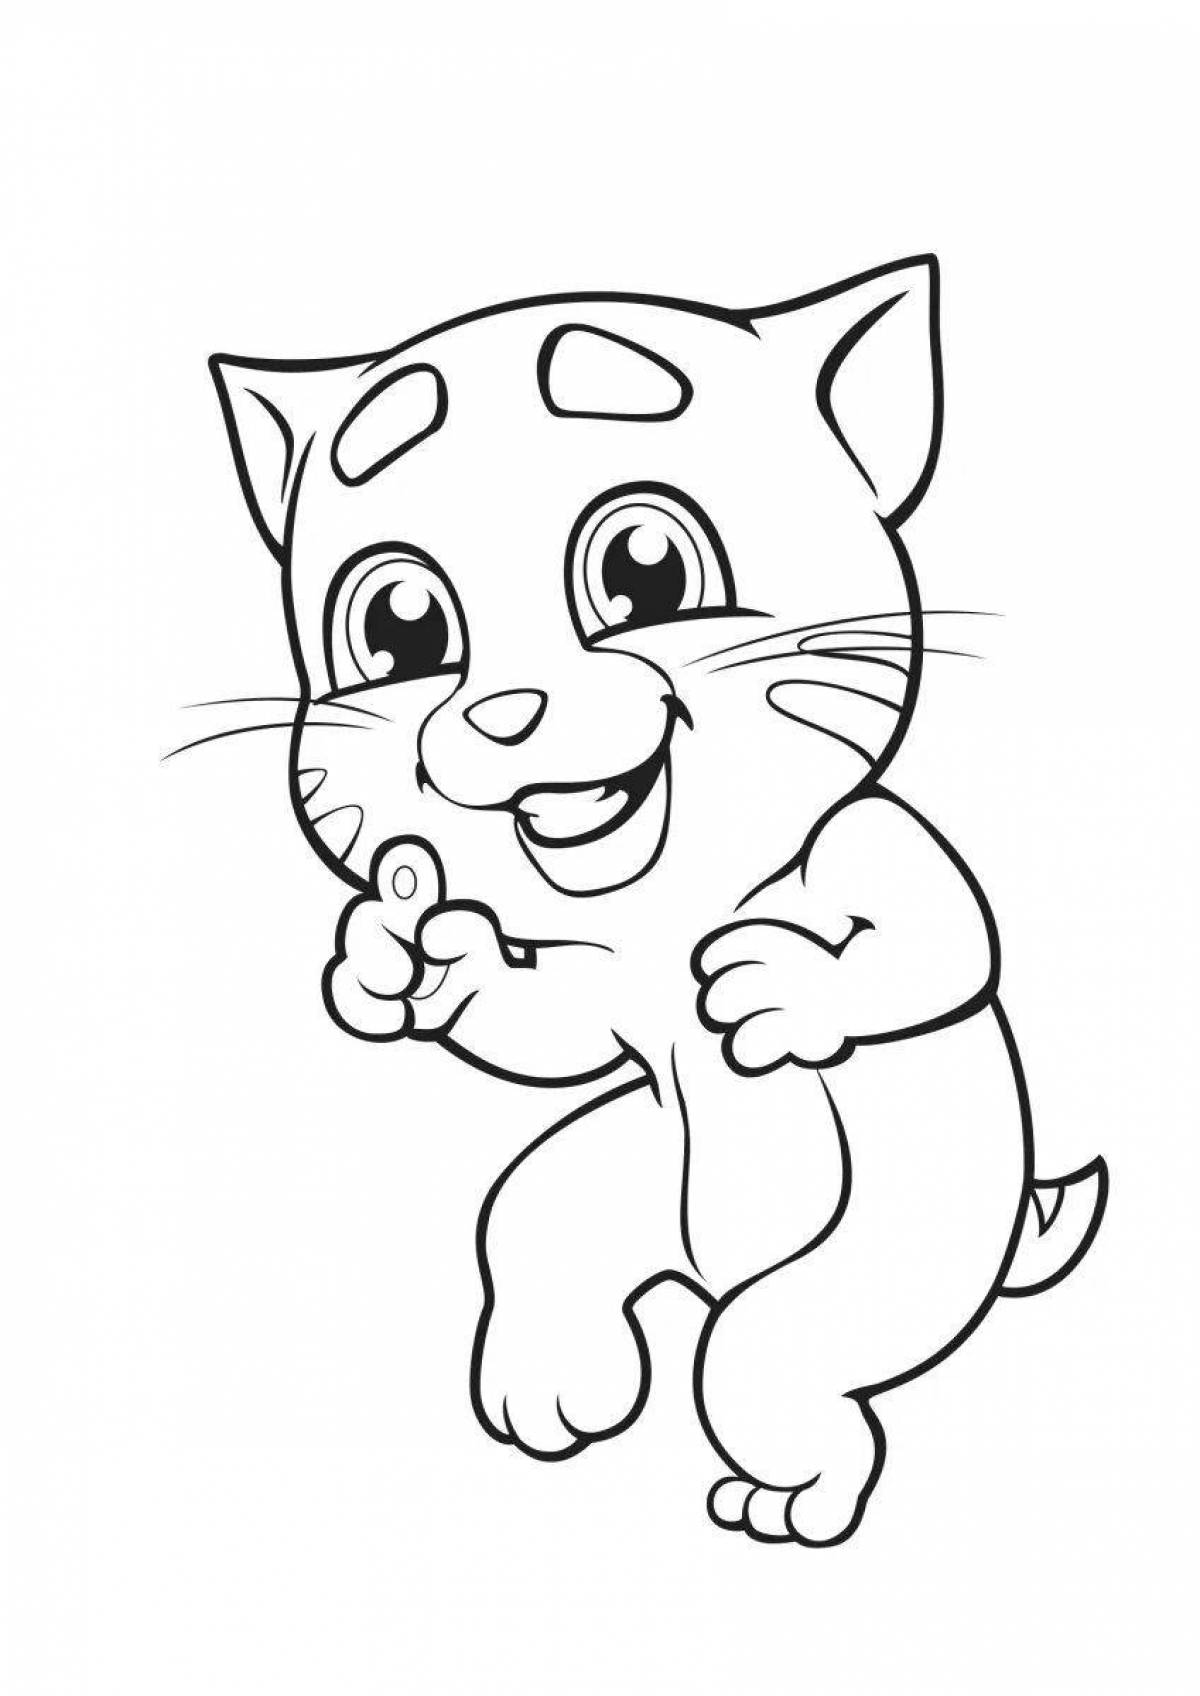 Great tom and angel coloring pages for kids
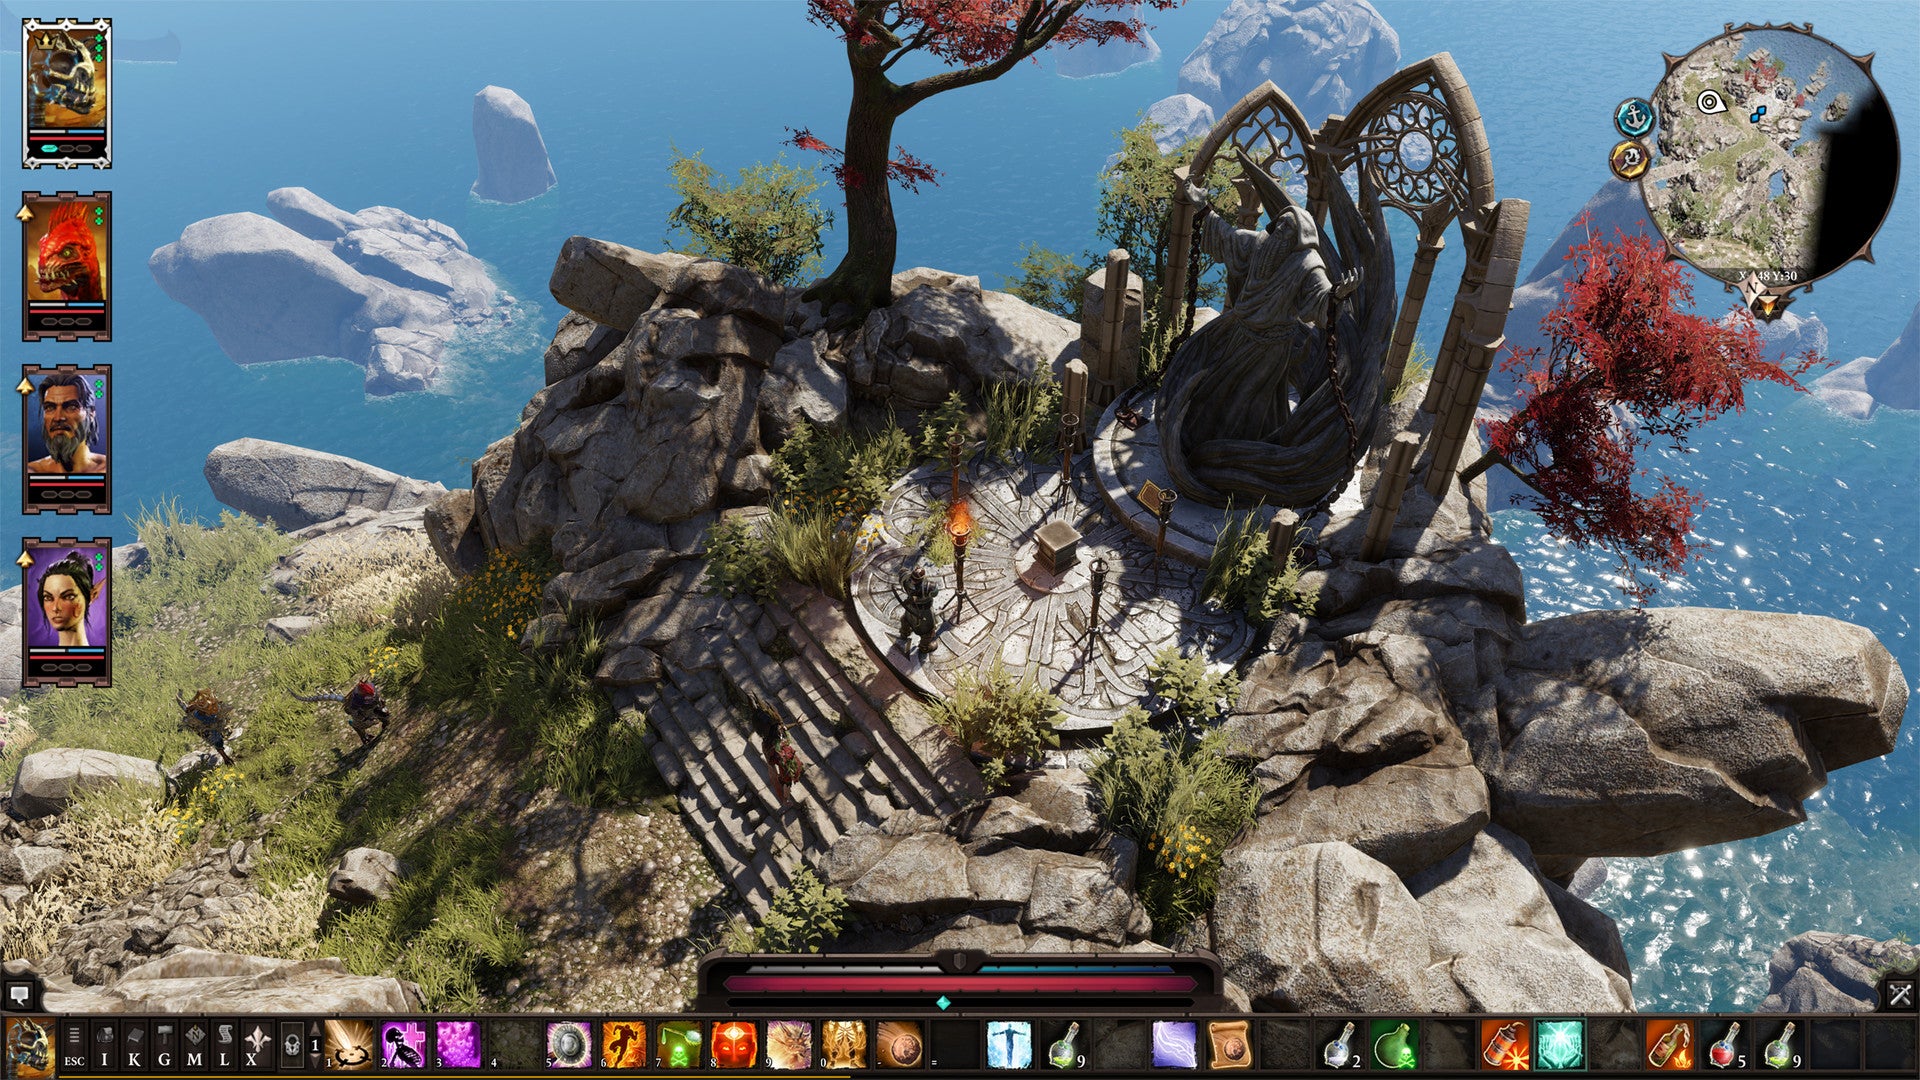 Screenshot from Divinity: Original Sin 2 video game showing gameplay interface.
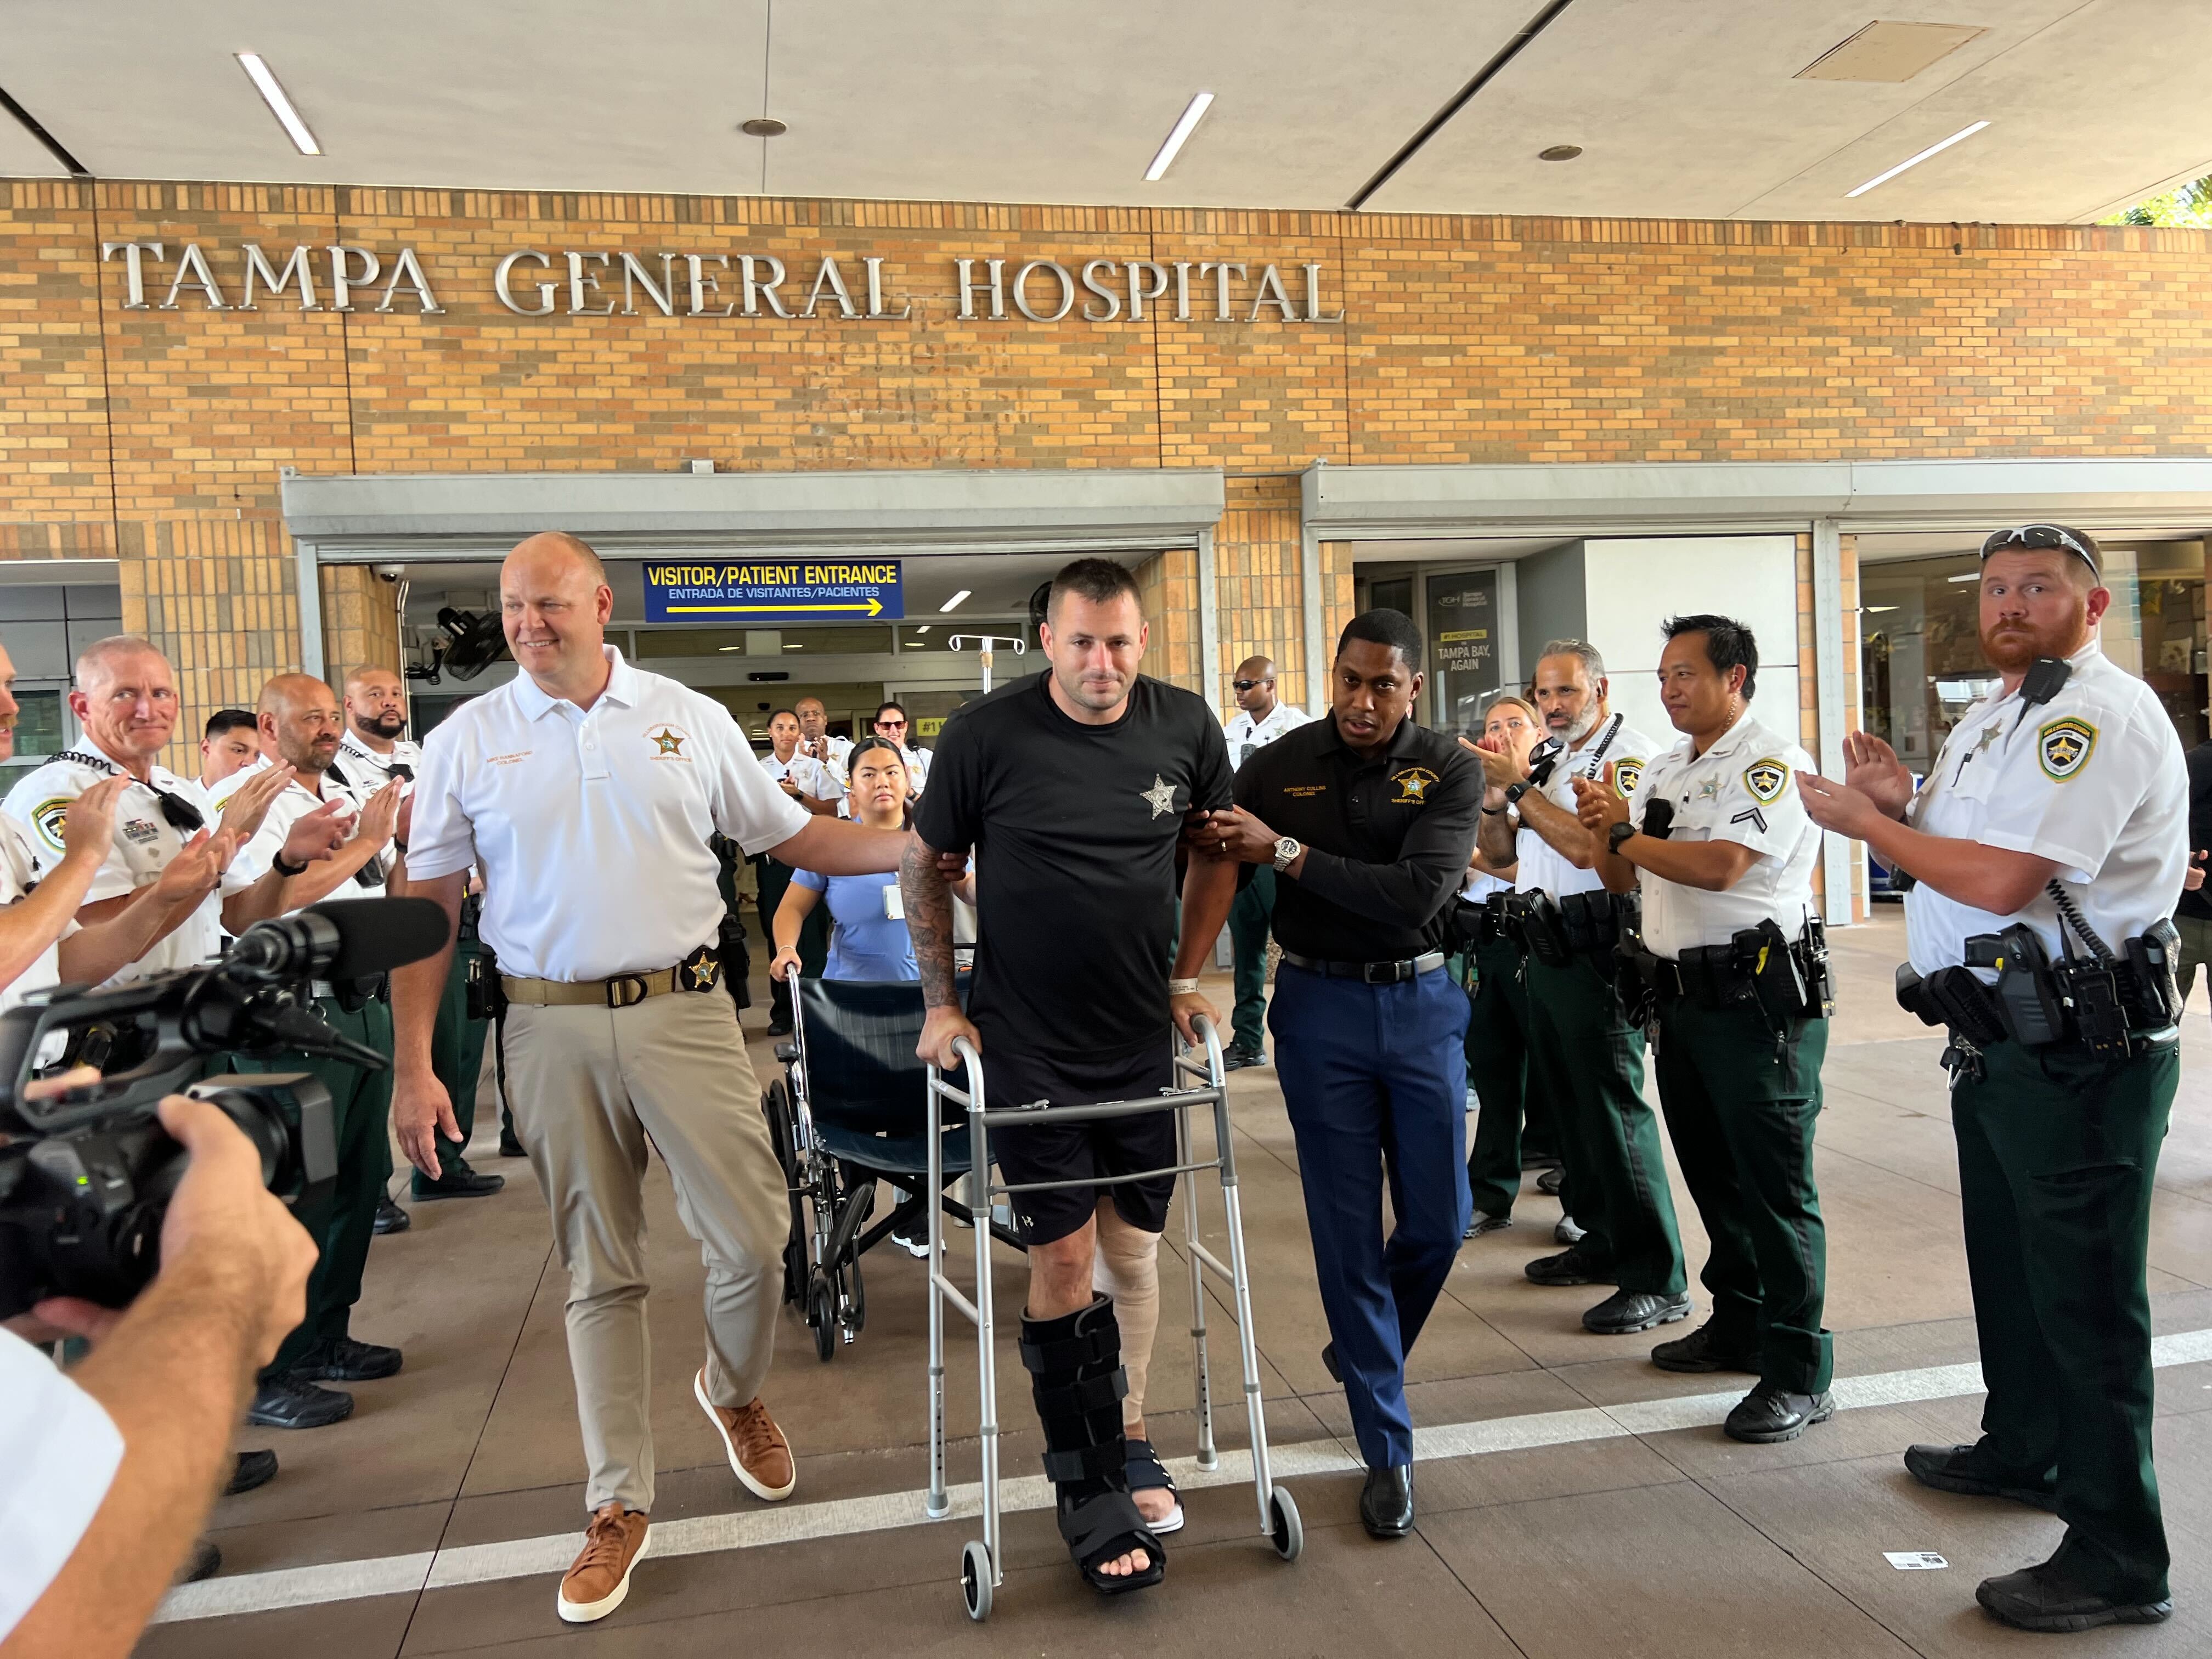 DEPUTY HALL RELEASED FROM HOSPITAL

### What to work on
Word for word, reproduce the listing above; no image should be carried over.

### Task solution
 Great tom and angel coloring pages for kids
 Screenshot from Divinity: Original Sin 2 video game showing gameplay interface.
 DEPUTY HALL RELEASED FROM HOSPITAL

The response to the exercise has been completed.